-- Information shown --
════

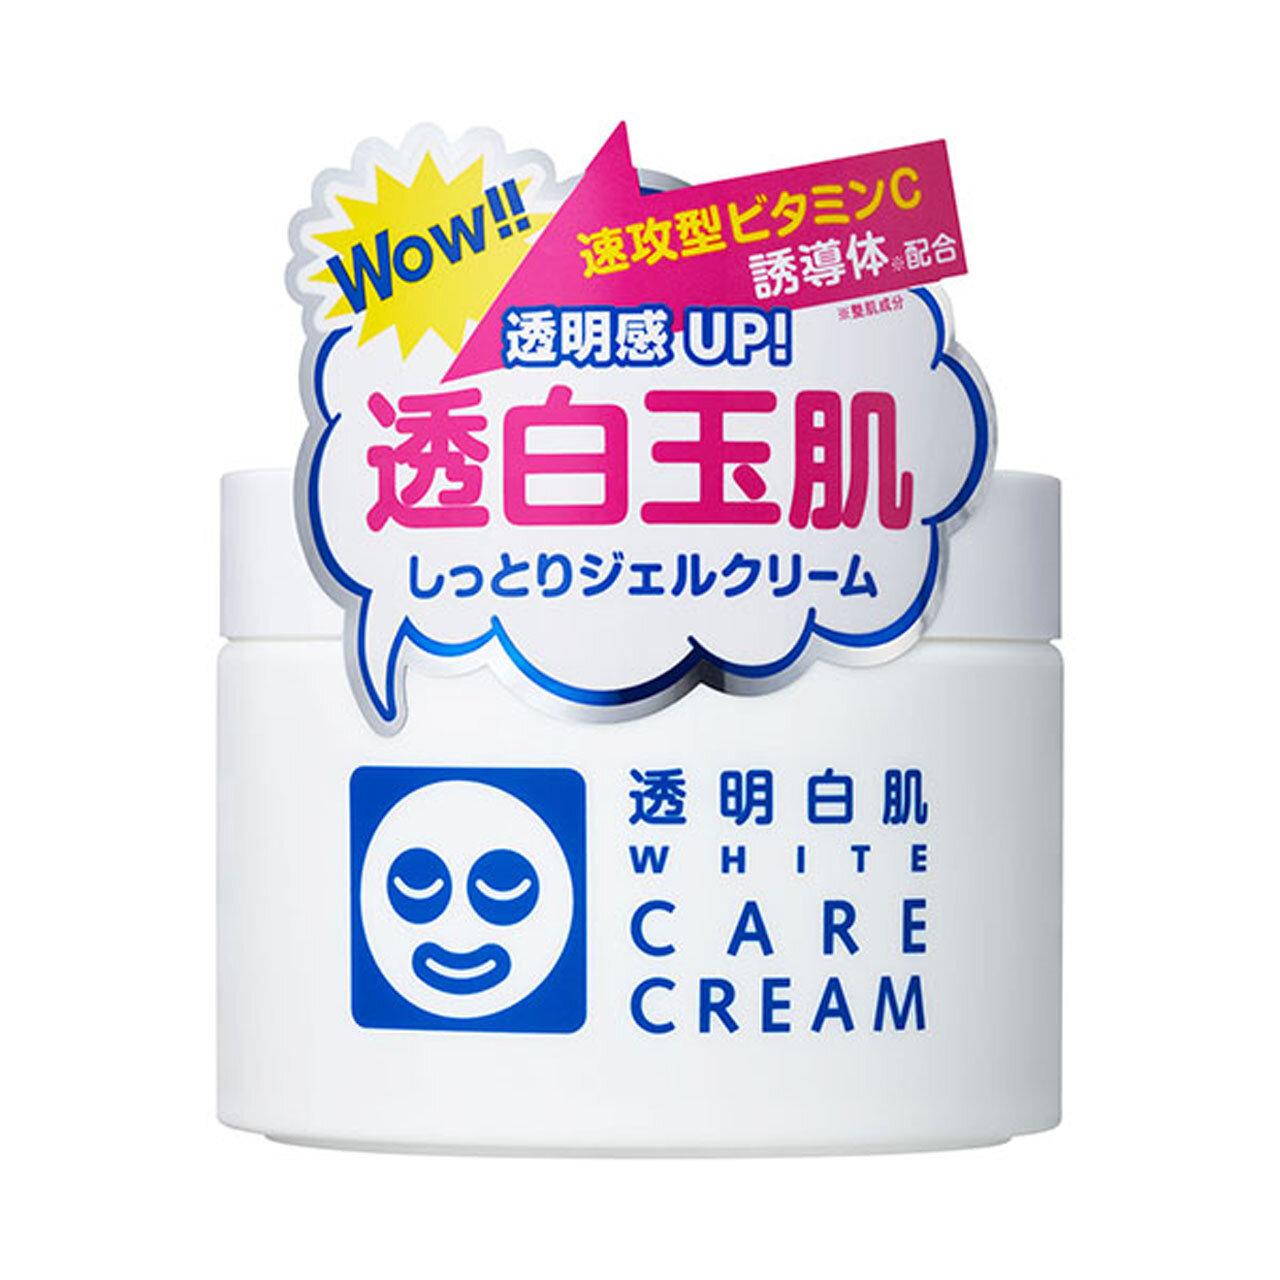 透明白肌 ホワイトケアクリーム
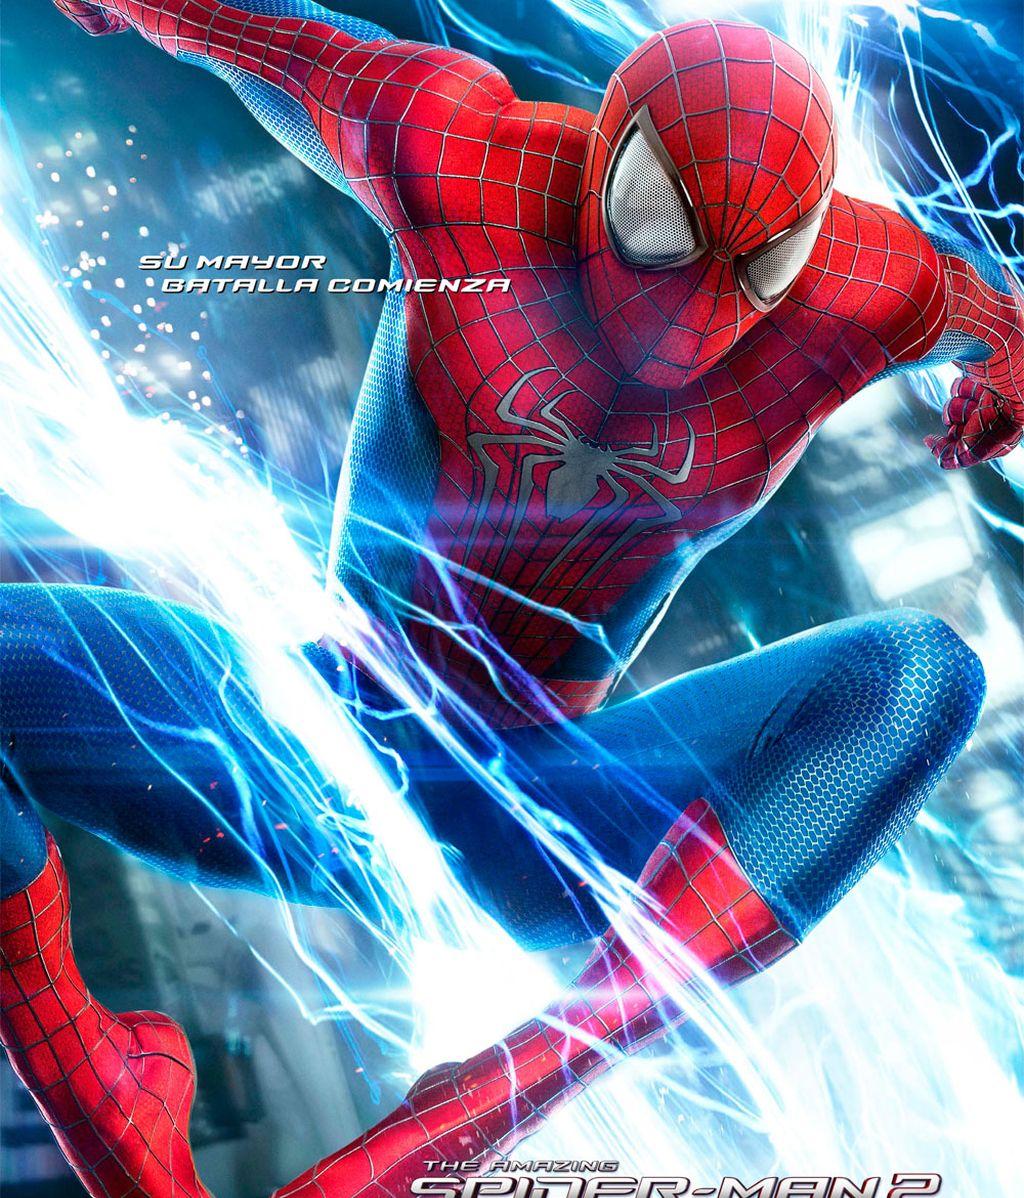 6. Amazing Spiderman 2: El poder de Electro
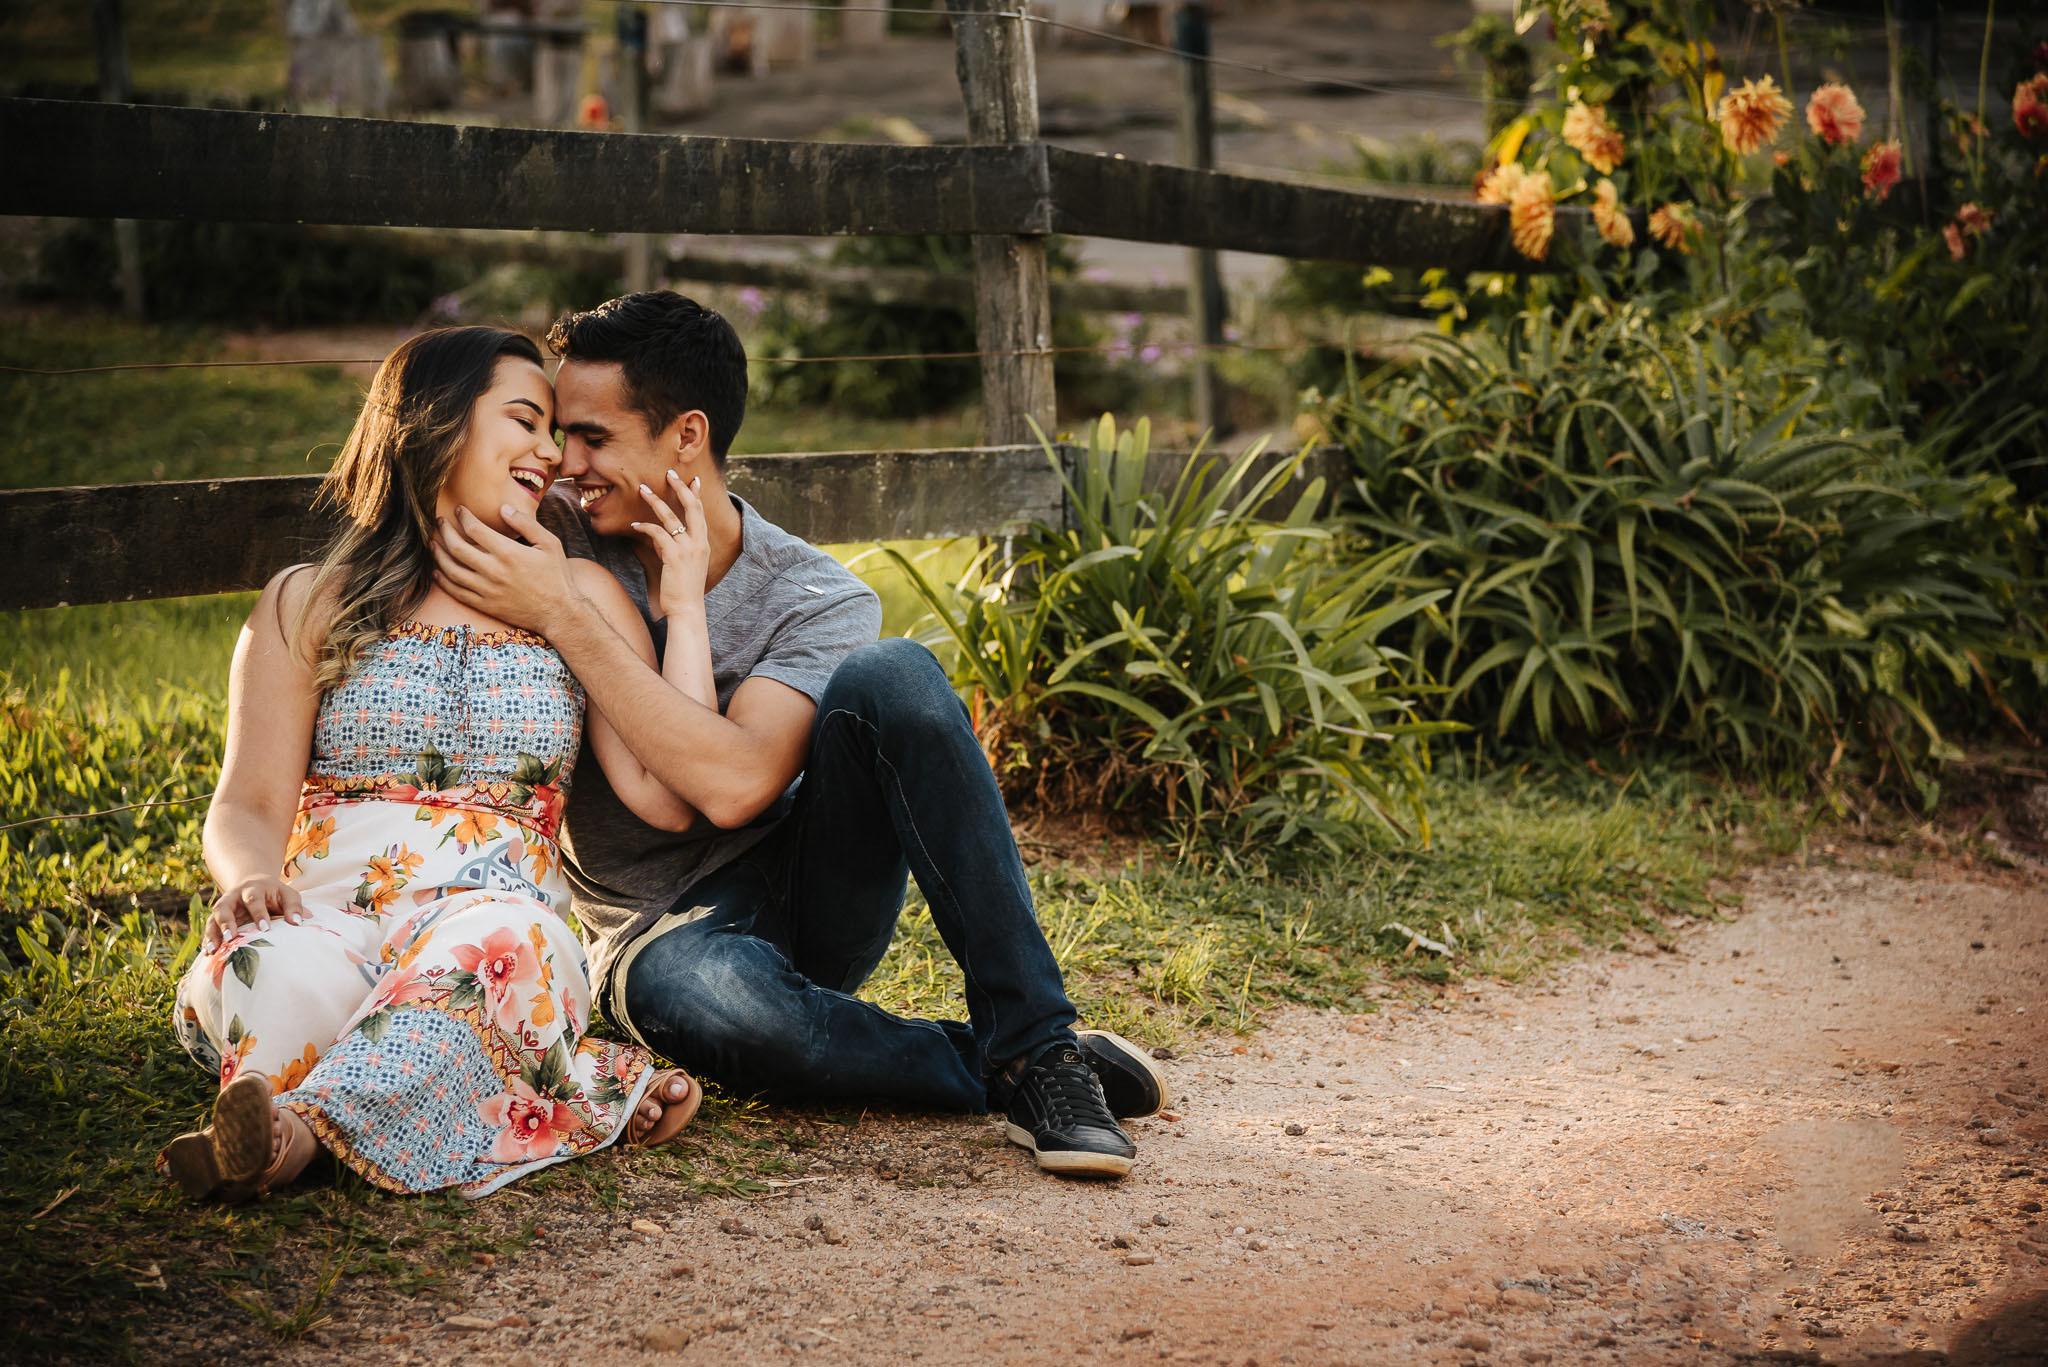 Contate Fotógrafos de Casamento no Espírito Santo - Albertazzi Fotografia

════

-- What the task requires --
What is needed is every line from the one with "6. Amazing Spiderman 2: El poder de Electro" to the final line of the listing above, set down exactly and with the pictures left out.

-- Result of this exercise --
 6. Amazing Spiderman 2: El poder de Electro
 Contate Fotógrafos de Casamento no Espírito Santo - Albertazzi Fotografia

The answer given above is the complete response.